2.5 KB · updated 2026-07-06 · md

paper.md

examples/demo-corpus/data/research/papers/arxiv-2403-02151/paper.md

TripoSR: Fast 3D Object Reconstruction from a Single Image

Tochilkin et al. release TripoSR, a FeedForward single-image 3D reconstruction model that takes the TransformerArchitecture introduced by LRM and pushes it on data, training, and engineering. The headline contribution is throughput: TripoSR returns a mesh from a single image in under half a second, compared to the roughly five-second inference of LRM, while improving quantitative and qualitative reconstruction quality on standard benchmarks.

The architecture preserves LRM's LargeReconstructionModel template — an image encoder followed by a cross-attention transformer that predicts a triplane-parameterised volumetric representation — but tightens it on several axes.
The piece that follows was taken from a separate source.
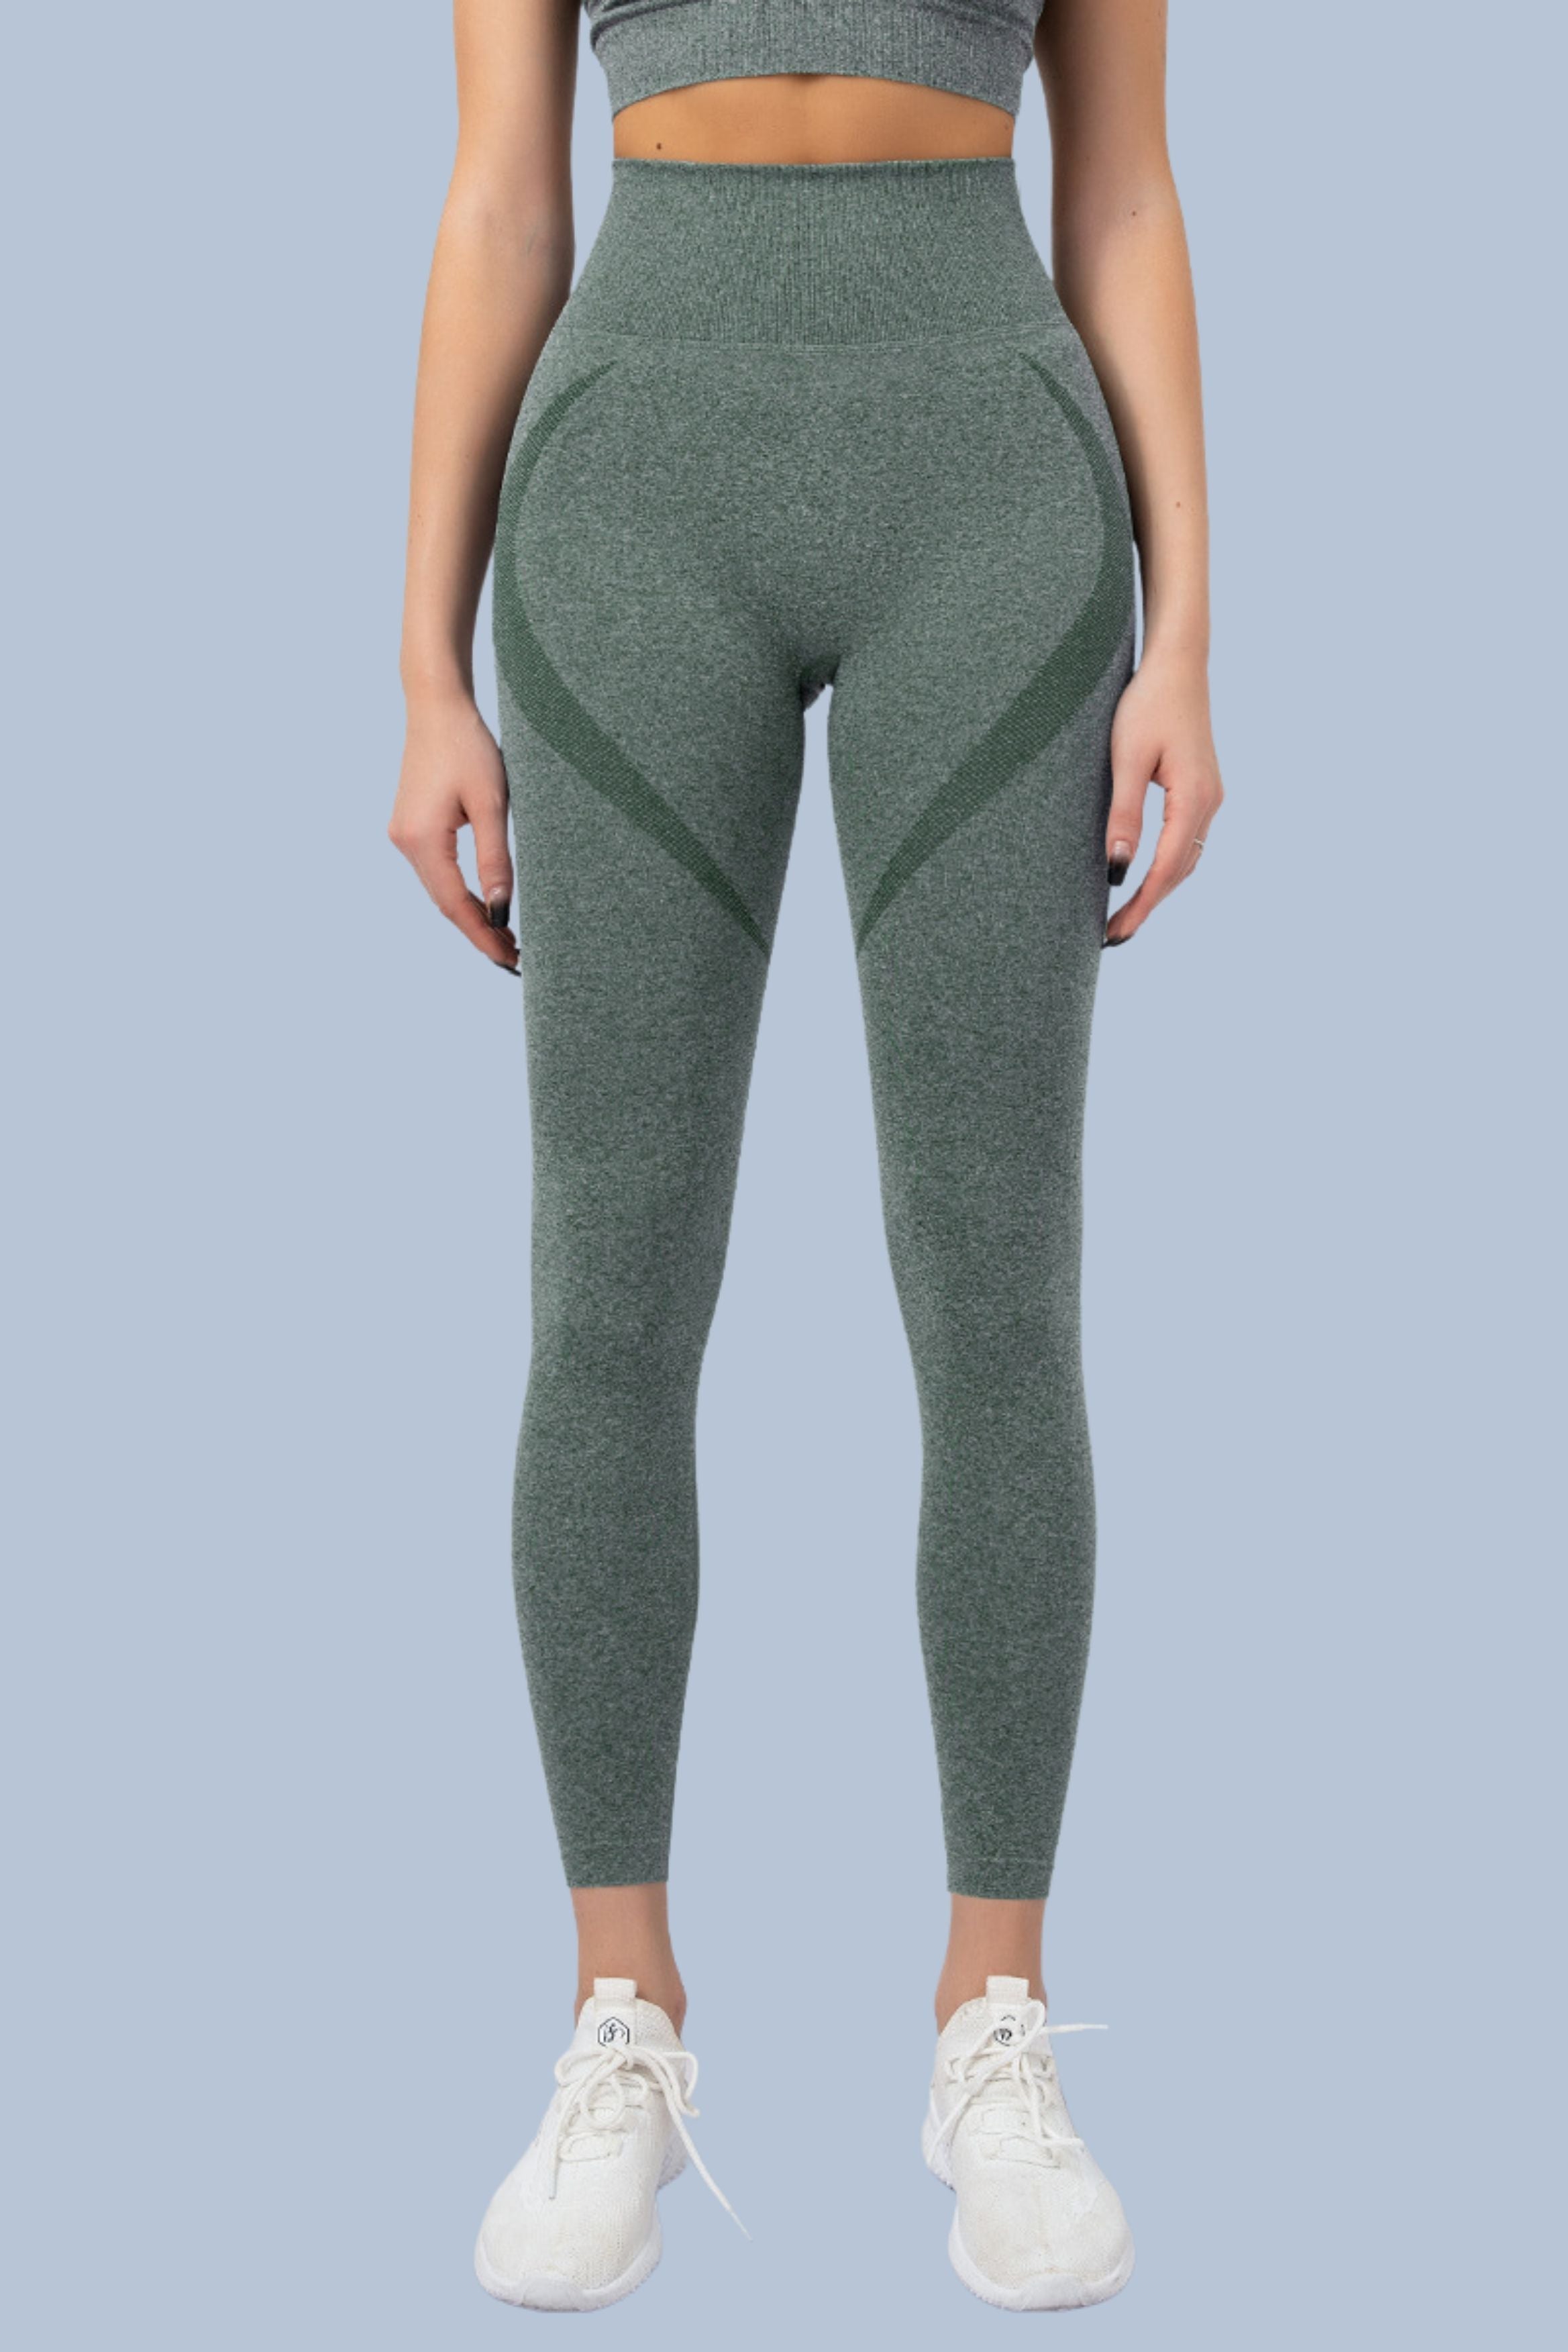 High Waisted Yoga Set For Women And Girls 2021 High Shine Gym Leggings With  Seamless Fit Perfect For Workouts And Sports X0629 From Musuo03, $18.46

The training corpus is expanded and cleaned with quality-aware filtering so that low-quality multi-view supervision is de-emphasised; new data augmentations expose the model to a wider range of object scales, orientations, and lighting conditions; and the training objective is adjusted to balance silhouette, photometric, and geometric terms in a way that the report finds more stable than the original LRM recipe. Inference is further accelerated by careful kernel scheduling and mixed-precision execution.

The technical report deliberately stays close to LRM in headline architecture; its contribution is the careful tuning that converts an academic prototype into a robust, fast, openly licensed model. TripoSR is released under MIT and has become a popular base for downstream single-image-to-3D work, including pipelines that pair it with multi-view diffusion in the style of Instant3D and pipelines that swap its implicit output for a GaussianSplatting head similar to LGM. The report is brief because the abstract claims are deliberately narrow — the value is in the released artefact and the engineering recipe rather than a new theoretical result.